I think the question really is, “What good are cookbooks?” Why, indeed, when today all you need to do is search the Internet for a recipe, as we’ve seen? I confess: I do this, all the time. And yet, I own thousands of cookbooks. My bookcases sag from their weight and I’m running out of space for them all. Maybe you face the same issues.

There’s a word that many experts toss about when talking of cookbooks and their readers. “Aspirational.” Meaning, of course, that through cooking the food depicted on the pages of cookbooks, you edge closer to the social status of those who dine daily on such fare, or least come close to it. You read cookbooks in order to experience tastes and places and times you can only dream of while lying in bed late at night, with the wind screaming like a banshee on the other side of the glass or the baby crying down the hall or the looming waking hour of 5 a.m. and another day of drudgery at a dead-end job.

Like some literary genres, the novel in particular, cookbooks offer escape from the day-to-day sameness of life. And monotonous food. But there’s more to it than social status or escape these days. Health, economy, environmental concerns, food faddism, and curiosity, all these urges percolate in you when you buy — and read — cookbooks. As to whether or not you actually cook from these books is another question best left for later! And that is the question that mystifies everyone who looks at cookbooks as more than just records of recipes.

I wasn’t thinking about the history of cookbooks the day I bought Simple French Cookery. I bought the book because I could afford it. French cooking seemed exotic to me, coming as I did from a family where canned soups and casseroles propped up most of the meals my mother cooked, recipes that she taught me. Since I started doing most of the cooking for my family when I turned fourteen, I wanted more than a can-opener to work with. But, at the same time, I think my mind was setting the stage for something that came later.

From the beginning, I thought of food and cooking in universal terms, with hints of the magical. That Peter Pauper cookbook, I realize now, confirms that.

But it took a trip to Mexico for the magic to really kick in.

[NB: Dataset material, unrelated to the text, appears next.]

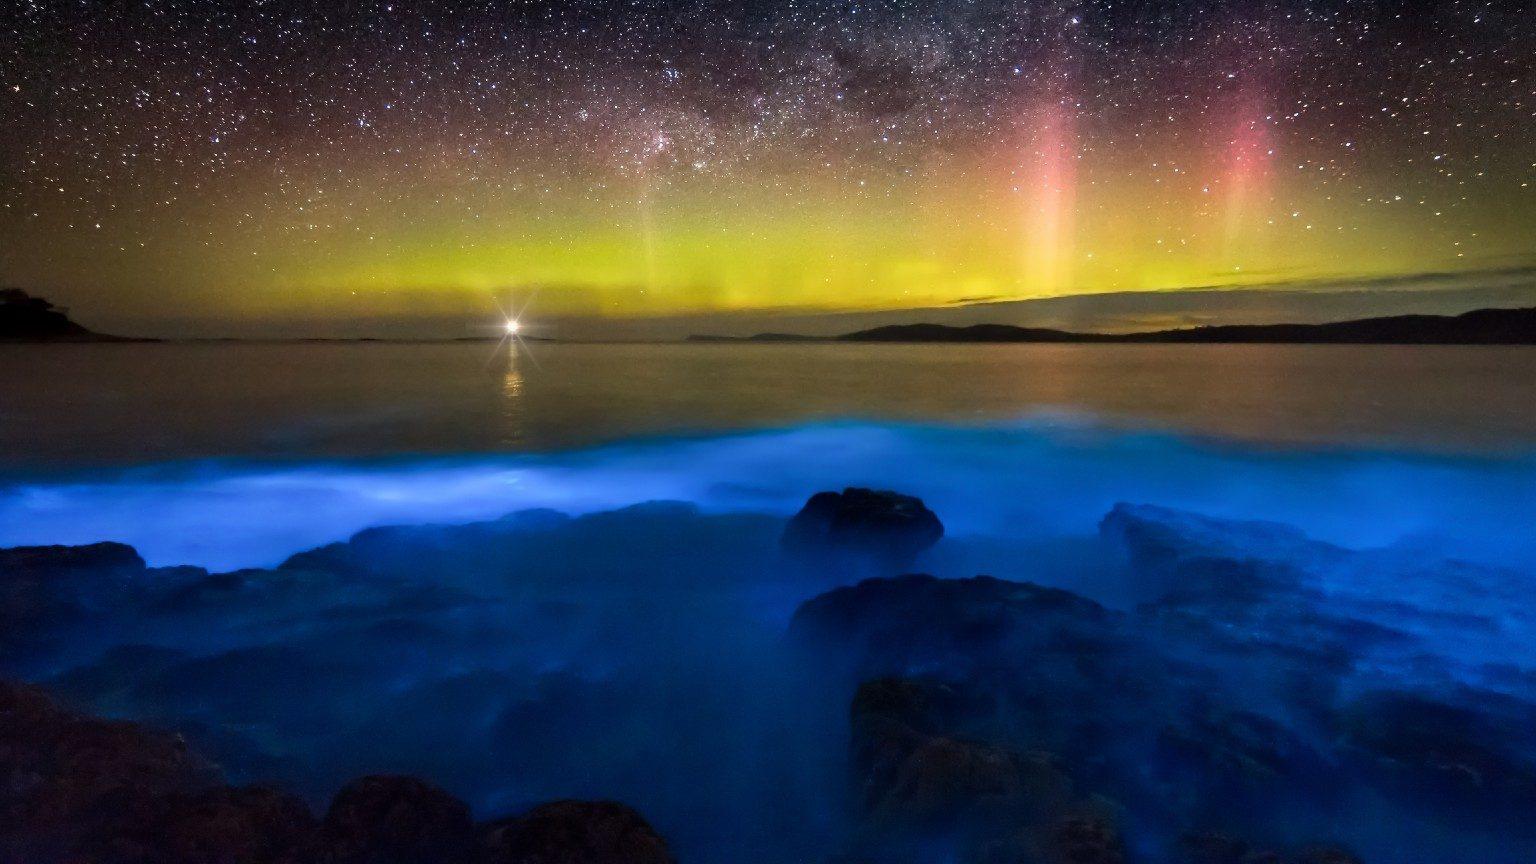 Bioluminescence in Tasmania with Aurora Borelis.

As a twenty-year-old student, I once stood on a street corner outside Mexico City’s colossal La Merced Market, watching women swathed in rebozos and wearing ragged huaraches or clad in spiffy Chanel suits and spiked heels, carrying string shopping bags bulging with ripe fruit, misshapen vegetables, colorful chiles, and blood-red beef, sometimes a live chicken or squawking duck, struggling and strangling in the stringy bags. Smoke from the countless little braziers, on which street vendors cooked plump tortillas or grilled lime-slathered corn, created a scene not unlike the aftermath of High Mass, when incense permeates the air and makes everything seem a slight bit otherworldly. A hint of magical realism, truly a setting to inspire, similar in spirit to Chocolat or Like Water for Chocolate.

The Greeks coined a word for all this: mageiros. Butcher. Priest. Cook. All stem from the same root.

Cookbooks tell a rather magical tale, about history, about life, about us. And that’s why I love cookbooks.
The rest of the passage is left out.